:: ASSIGNED TASK ::
Everything from the line containing "Taliban videosu paylaşan" through the final line below must be output exactly, both ends included, with nothing else and no pictures.

___ SOURCE RECORDS

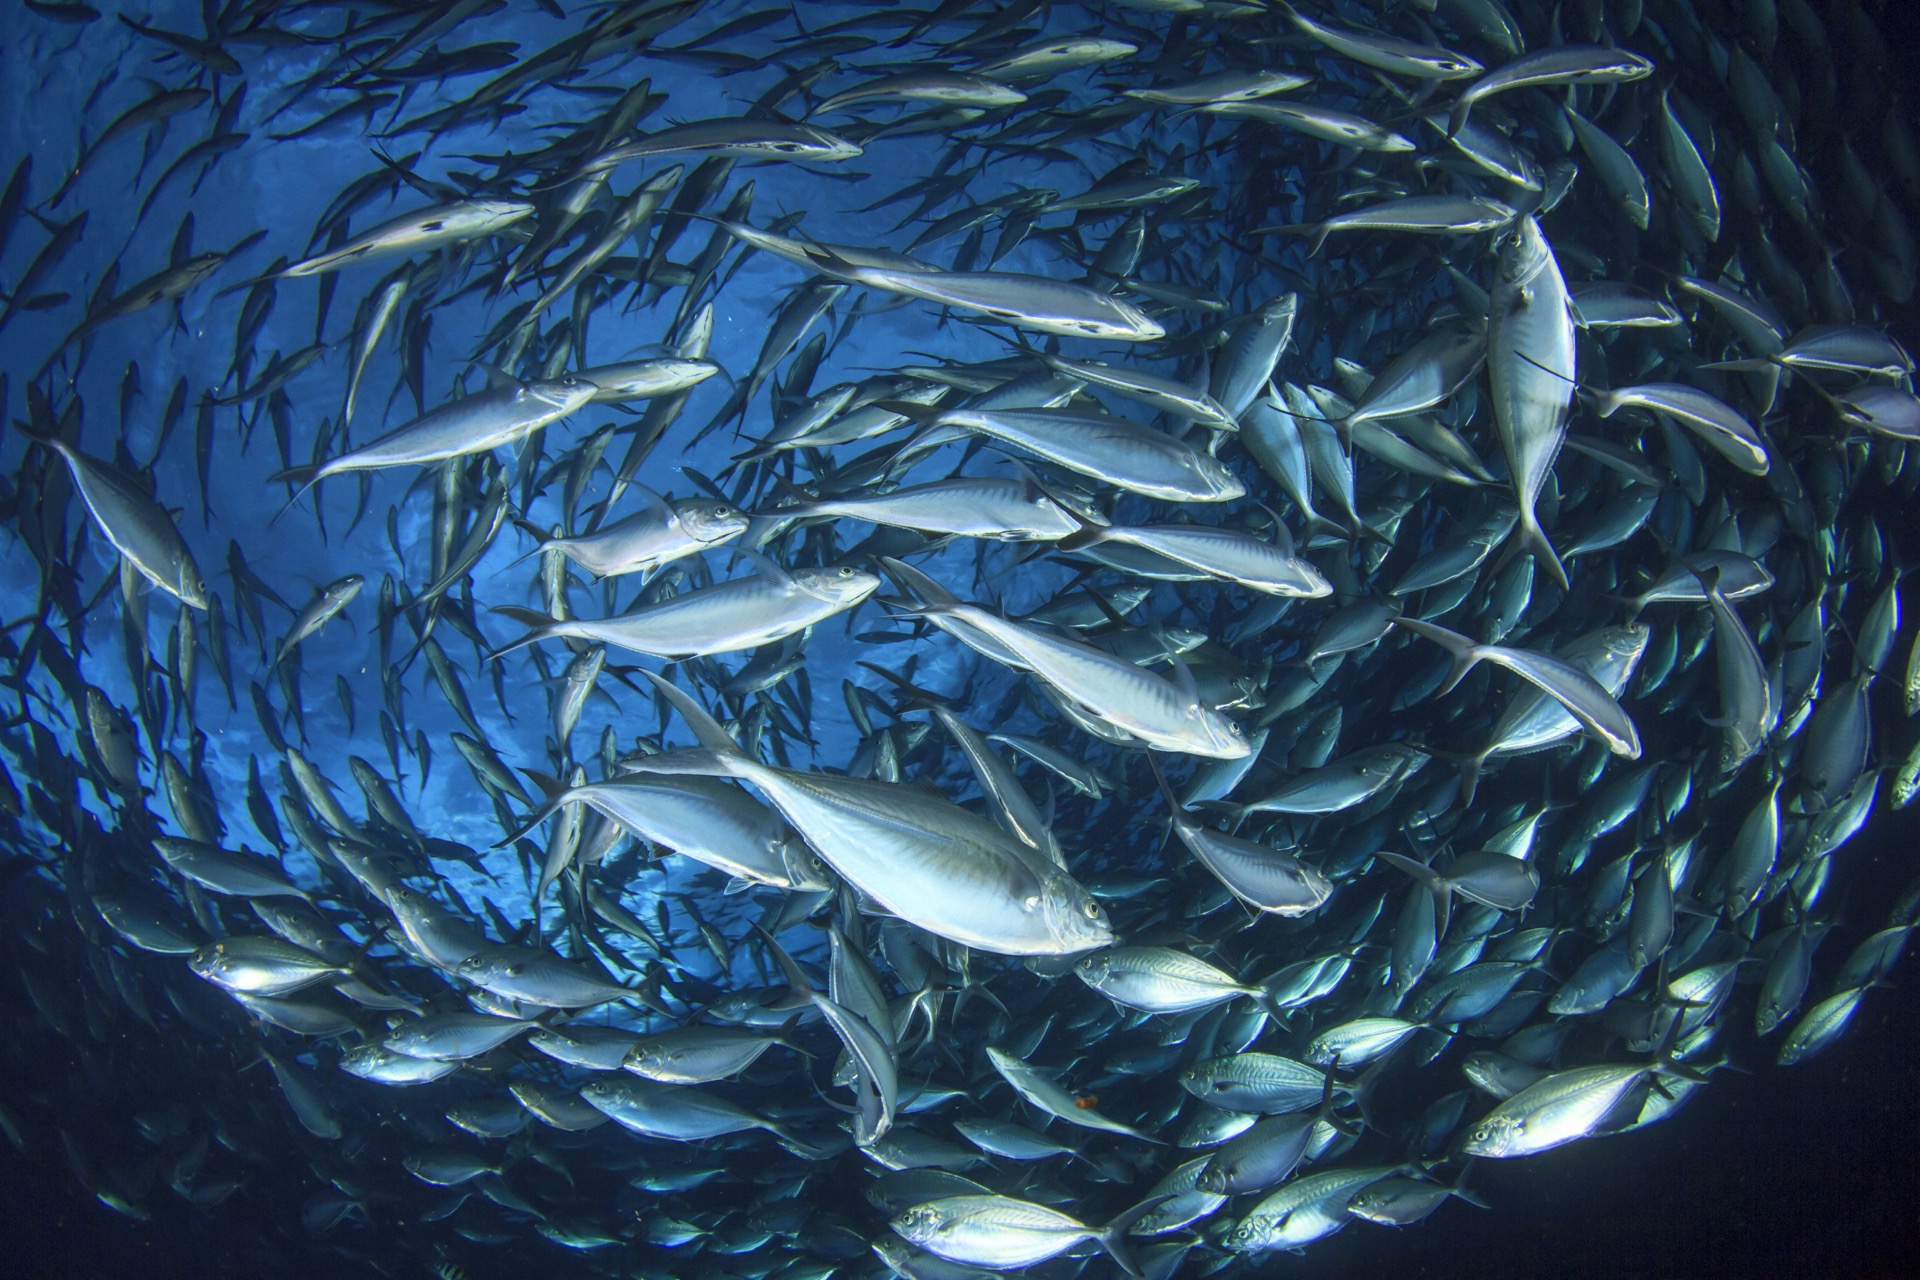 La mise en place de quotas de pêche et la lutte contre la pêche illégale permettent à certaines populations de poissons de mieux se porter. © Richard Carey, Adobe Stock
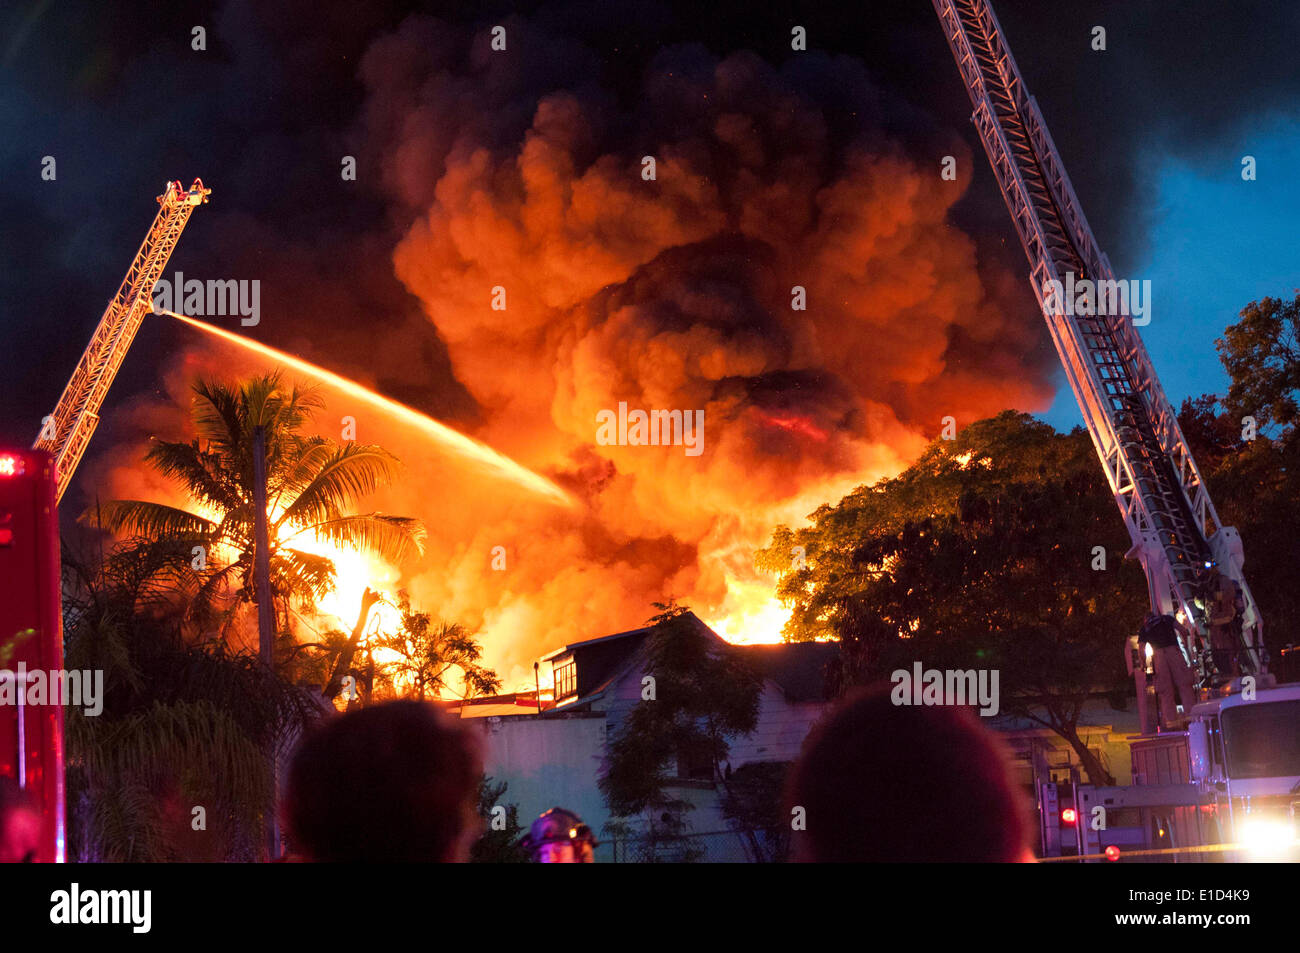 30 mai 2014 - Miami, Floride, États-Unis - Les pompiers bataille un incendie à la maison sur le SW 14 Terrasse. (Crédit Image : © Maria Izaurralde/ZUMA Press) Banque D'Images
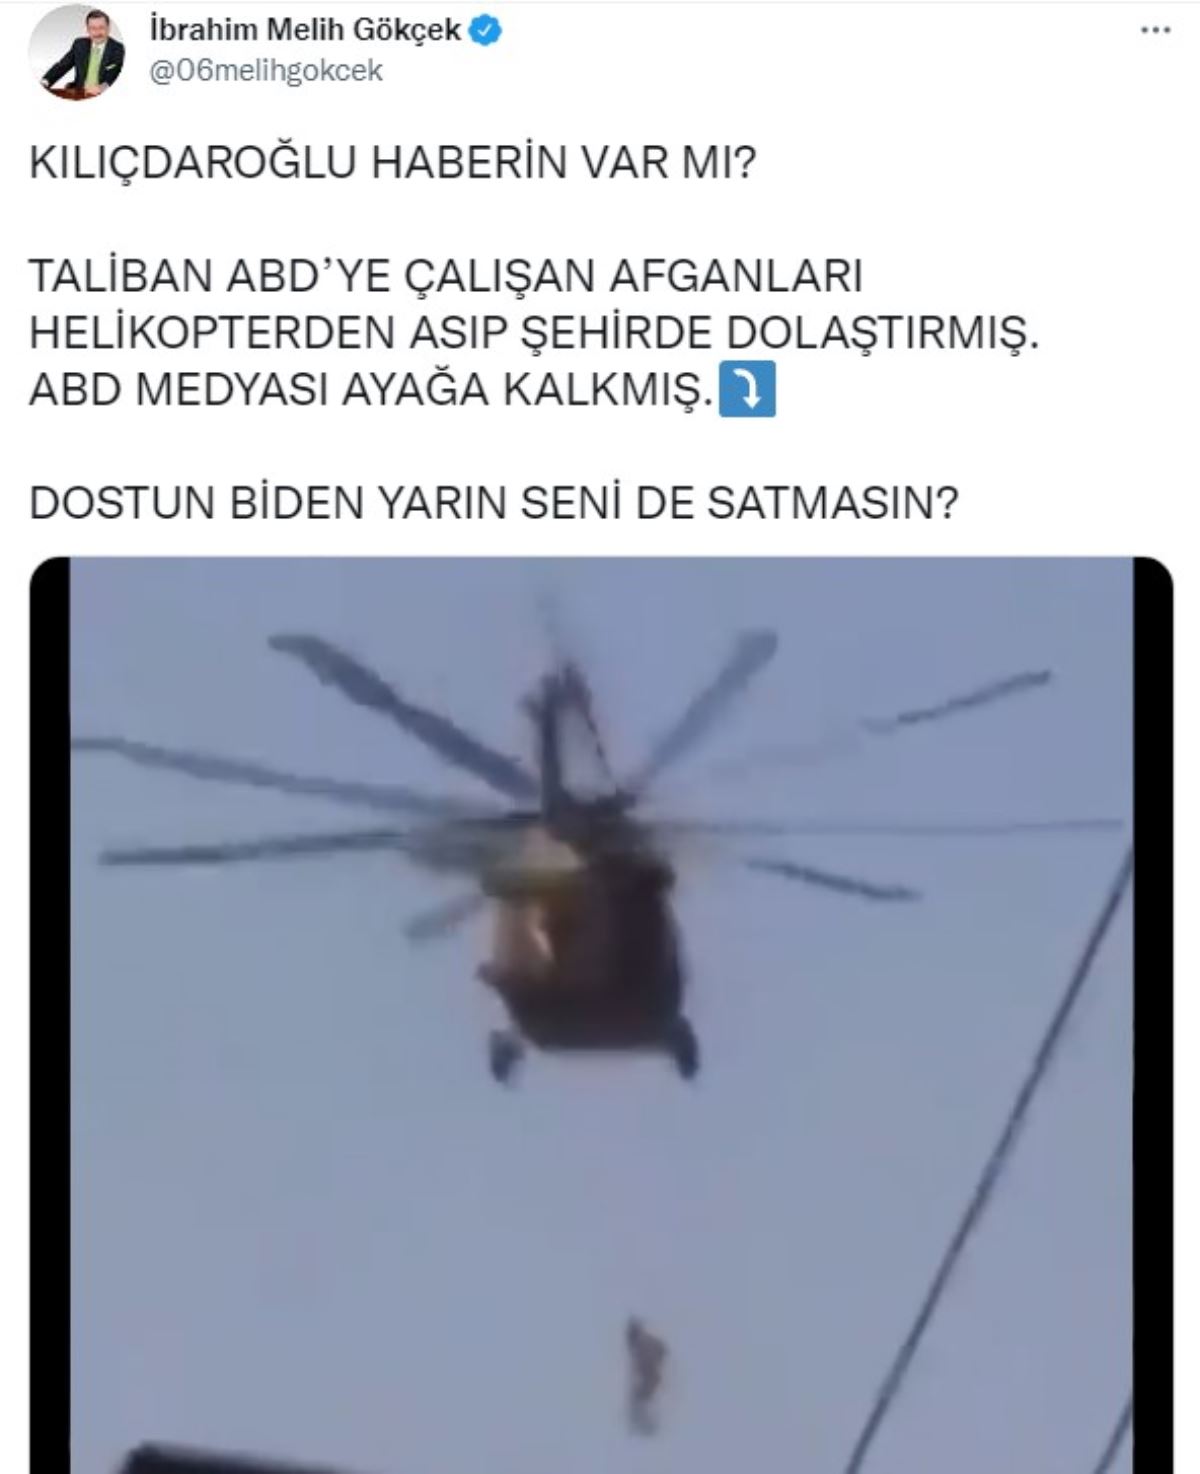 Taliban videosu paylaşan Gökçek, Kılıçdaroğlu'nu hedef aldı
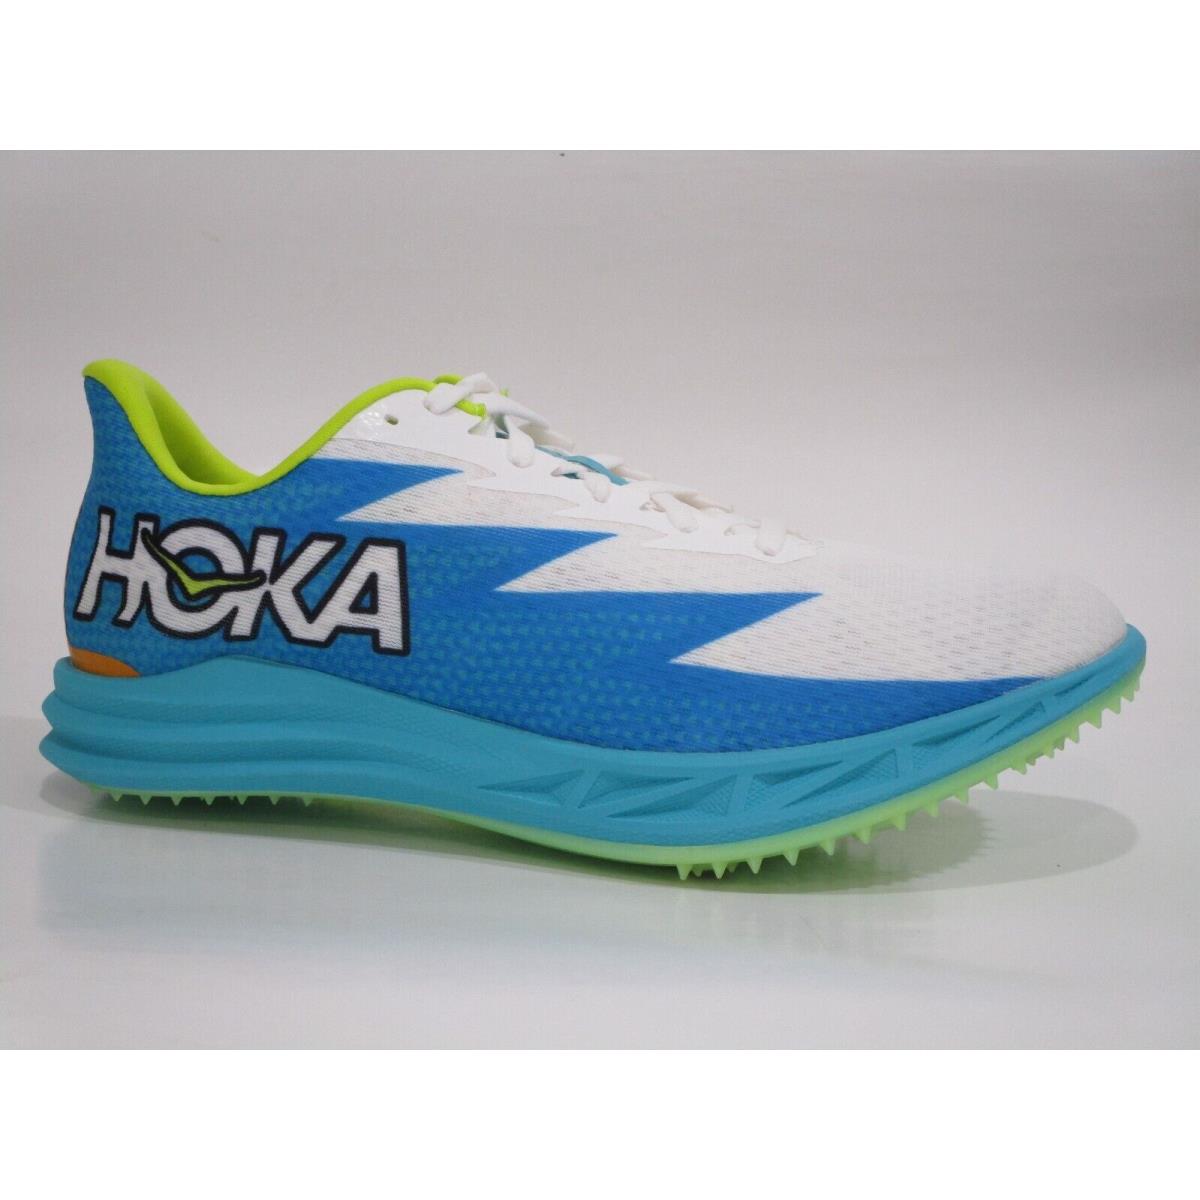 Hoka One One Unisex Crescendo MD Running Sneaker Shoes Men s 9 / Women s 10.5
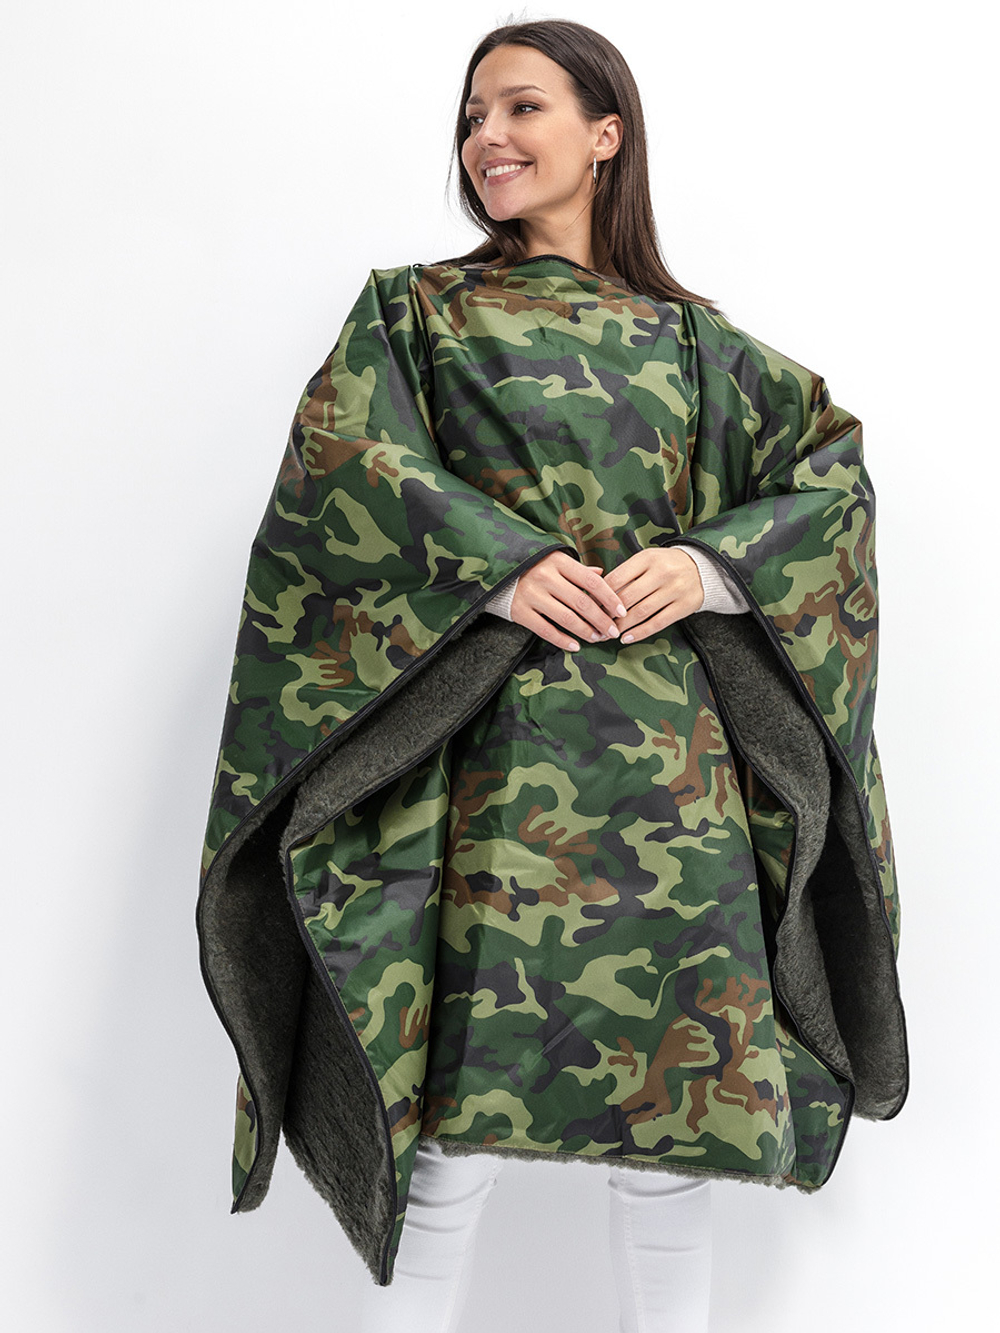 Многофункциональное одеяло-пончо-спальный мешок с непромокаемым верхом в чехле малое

______

:: ANSWER TO THE EXERCISE ::
 Taliban videosu paylaşan Gökçek, Kılıçdaroğlu'nu hedef aldı
 Hoka One One Unisex Crescendo MD Running Sneaker Shoes Men s 9 / Women s 10.5
 Многофункциональное одеяло-пончо-спальный мешок с непромокаемым верхом в чехле малое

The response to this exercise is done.